Question

The number $k$ is such that $\tan \\{ {\tan ^{ - 1}}\left( 2 \right) + {\tan ^{ - 1}}\left( {20k} \right)\\} = k$. Then the sum of all possible values of $k$ is-
A.$- \dfrac{{19}}{{40}}$
B.$- \dfrac{{21}}{{40}}$
C.0
D.$\dfrac{1}{5}$

Answer 1

Hint: We will first simplify the given expression using the formula ${\tan ^{ - 1}}x + {\tan ^{ - 1}}y = {\tan ^{ - 1}}\left( {\dfrac{{x - y}}{{1 - xy}}} \right)$ and ${\tan ^{ - 1}}\left( {\tan \theta } \right) = \theta$. We will get an equation in $k$.
Now, find the sum of values of $k$ using the condition that if the equation is $a{x^2} + bx + c = 0$, then the sum of all the roots of the equation is given by $- \dfrac{b}{a}$.
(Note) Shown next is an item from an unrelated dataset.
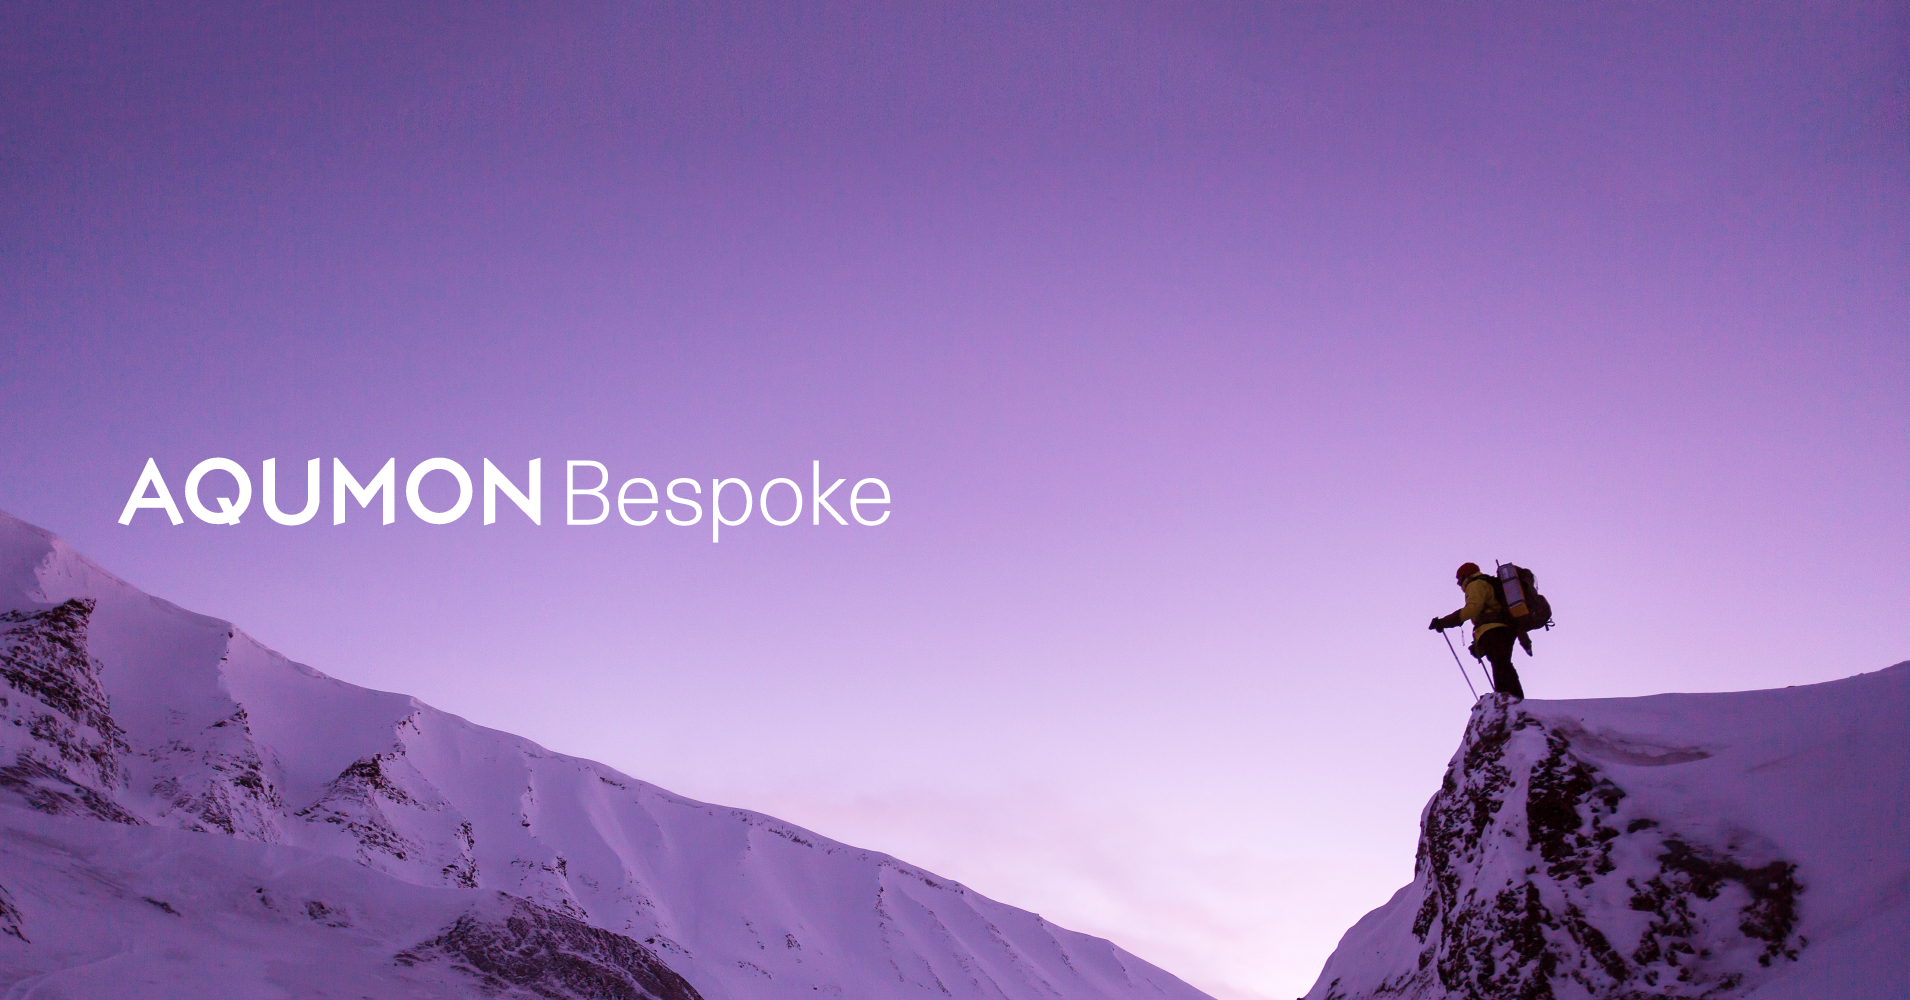 Bespoke: Exceptional Investments for the Professional Investor

Complete step-by-step answer:
First of all we will simplify the inner bracket of the given expression using the formula,
${\tan ^{ - 1}}x + {\tan ^{ - 1}}y = {\tan ^{ - 1}}\left( {\dfrac{{x - y}}{{1 - xy}}} \right)$
Therefore, we can rewrite, ${\tan ^{ - 1}}\left( 2 \right) + {\tan ^{ - 1}}\left( {20k} \right)$ as ${\tan ^{ - 1}}\left( {\dfrac{{2 + 20k}}{{1 - 2\left( {20k} \right)}}} \right) = {\tan ^{ - 1}}\left( {\dfrac{{2 + 20k}}{{1 - 40k}}} \right)$
Also, ${\tan ^{ - 1}}\left( {\tan \theta } \right) = \theta$
Thus,
$\tan \left( {{{\tan }^{ - 1}}\left( {\dfrac{{2 + 20k}}{{1 - 40k}}} \right)} \right) = k \\\ \left( {\dfrac{{2 + 20k}}{{1 - 40k}}} \right) = k \\\$
On simplifying we get,
$2 + 20k = k - 40{k^2} \\\ 40{k^2} + 19k + 2 = 0 \\\$
If the equation is $a{x^2} + bx + c = 0$, then the sum of all the roots of the equation is given by $- \dfrac{b}{a}$
Hence, sum of all the possible values of $k$ is $- \dfrac{{19}}{{40}}$
Hence, option A is correct.

Note: The formula ${\tan ^{ - 1}}x + {\tan ^{ - 1}}y = {\tan ^{ - 1}}\left( {\dfrac{{x - y}}{{1 - xy}}} \right)$ will help in simplifying the question.
If $a{x^2} + bx + c = 0$, then the sum of all the roots of the equation is given by $- \dfrac{b}{a}$ and the product of roots is given by $\dfrac{c}{a}$